What are the essential characterstics of contract of sale of goods?
Answers
Essential characteristics of a contract of sale of goods are given below:
1. Two parties:
The first essential is that there must be two distinct parties to a contract of sale, viz., a buyer and a seller, as a person cannot buy his own goods. However, there may be a contract of sale between one part-owner and another, e.g., if A and B jointly own a computer, A may sell his ownership in the computer to B, thereby making B sole owner of the goods [Sec. 4(1)]. Similarly, a partner may buy the goods from the firm in which he is a partner and vice-versa.
2. Transfer of property:
‘Property’ here means ‘ownership’. Transfer of property in the goods is another essential of a contract of sale of goods. A mere transfer of possession of the goods cannot be termed as sale. To constitute a contract of sale the seller must either transfer or agree to transfer the property in the goods to the buyer.
3. Goods:
The subject-matter of the contract of sale must be ‘goods’. According to Section 2(7), “goods means every kind of movable property other than actionable claims and money; and includes stock and shares, growing crops, grass, and things attached to or forming part of the land which are agreed to be severed before sale or under the contract of sale.”

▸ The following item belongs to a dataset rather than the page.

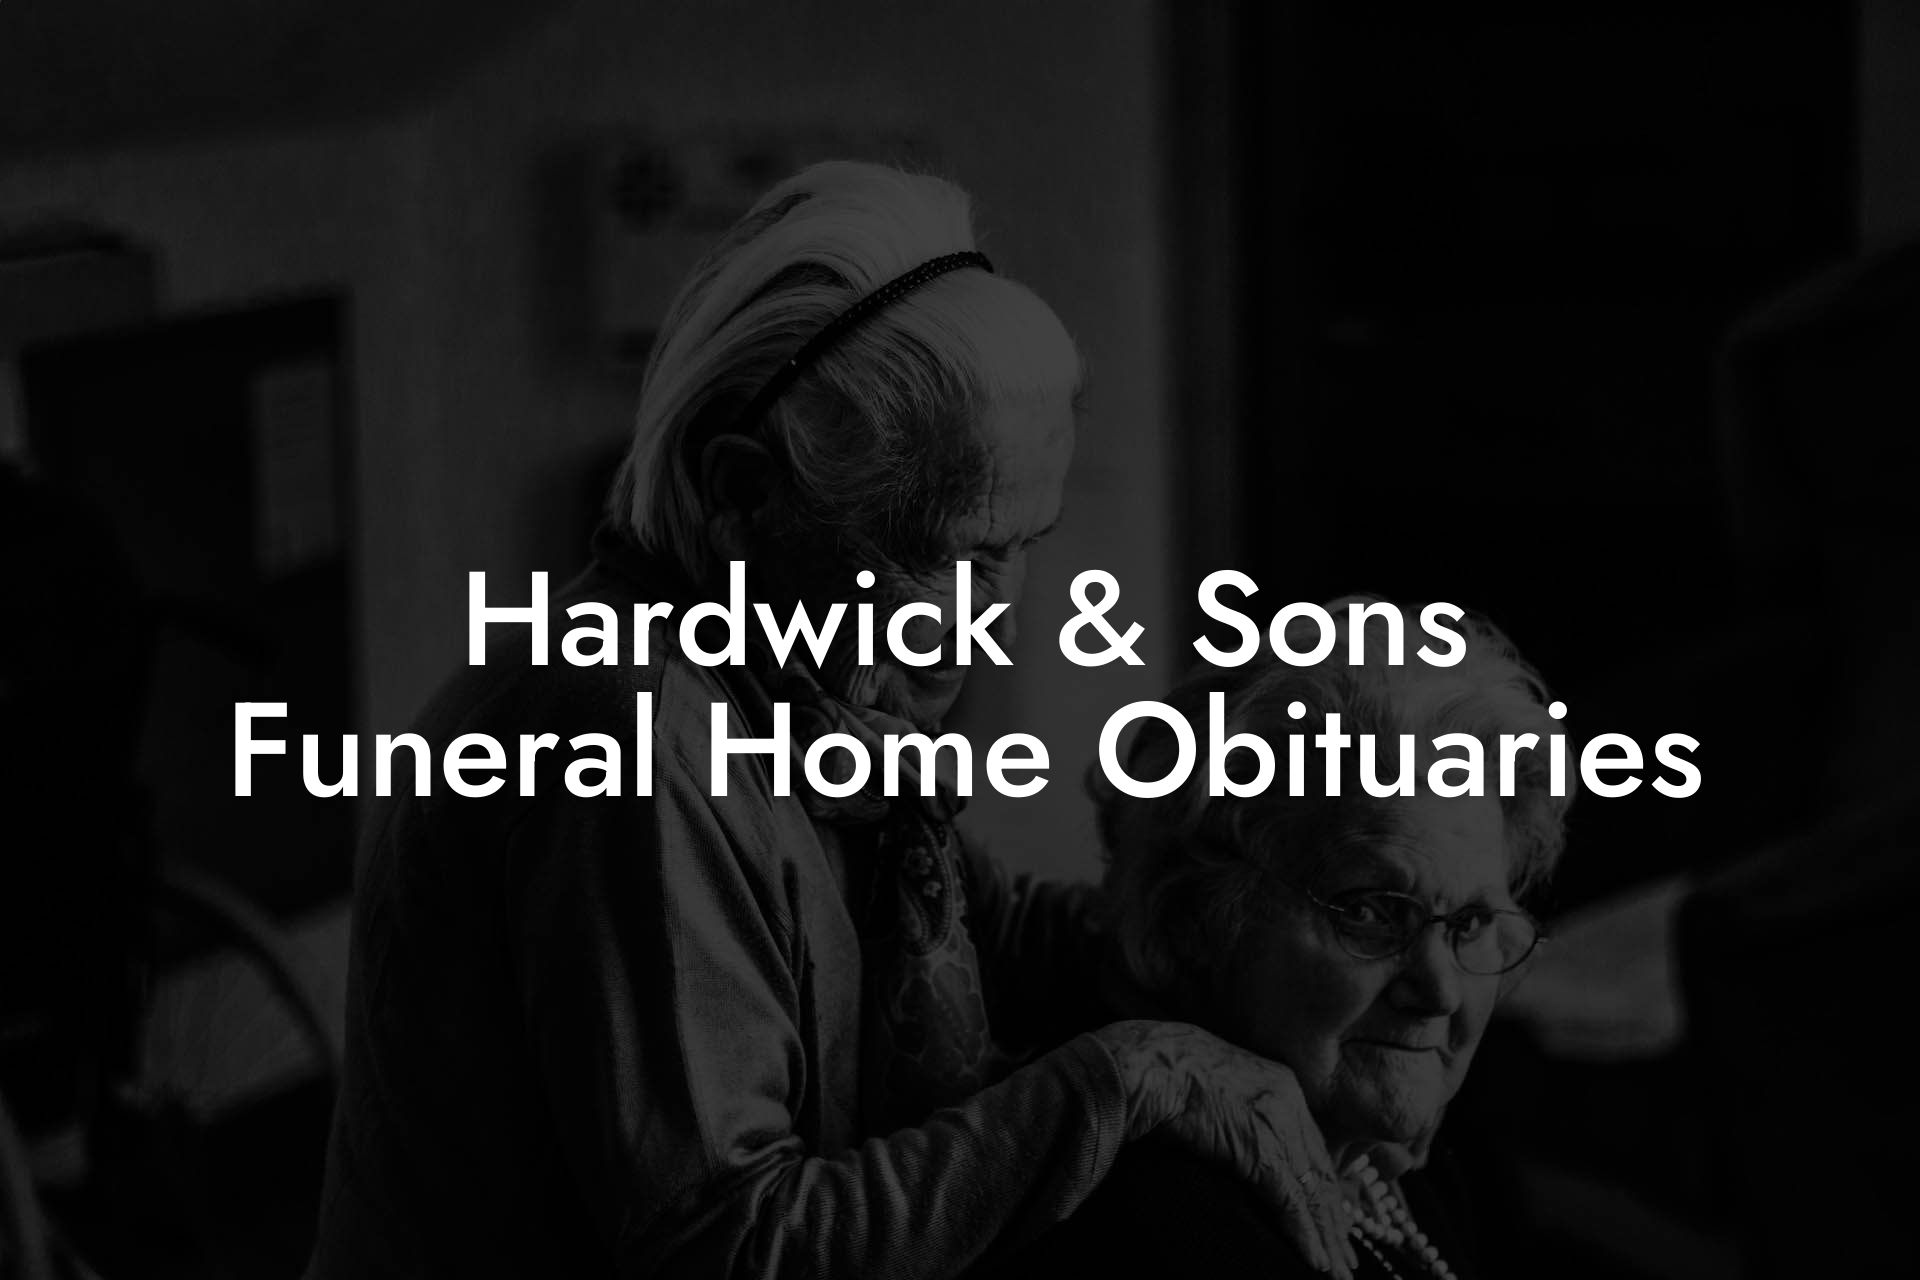 Hardwick & Sons Funeral Home Obituaries

Thus every kind of movable property except actionable claim and money is regarded as ‘goods’. Goodwill, trademarks, copyrights, patents right, water, gas, electricity, decree of a court of law, are all regarded as goods. Shares and stock are also included in goods.
‘Actionable claims’ means claims which can be enforced by a legal action or a suit, e.g., a book debt (i.e., a debt evidenced by an entry by the creditor in his Account Book or Bahi). A book debt is not goods because it can only be assigned as per the Transfer of Property Act but cannot be sold.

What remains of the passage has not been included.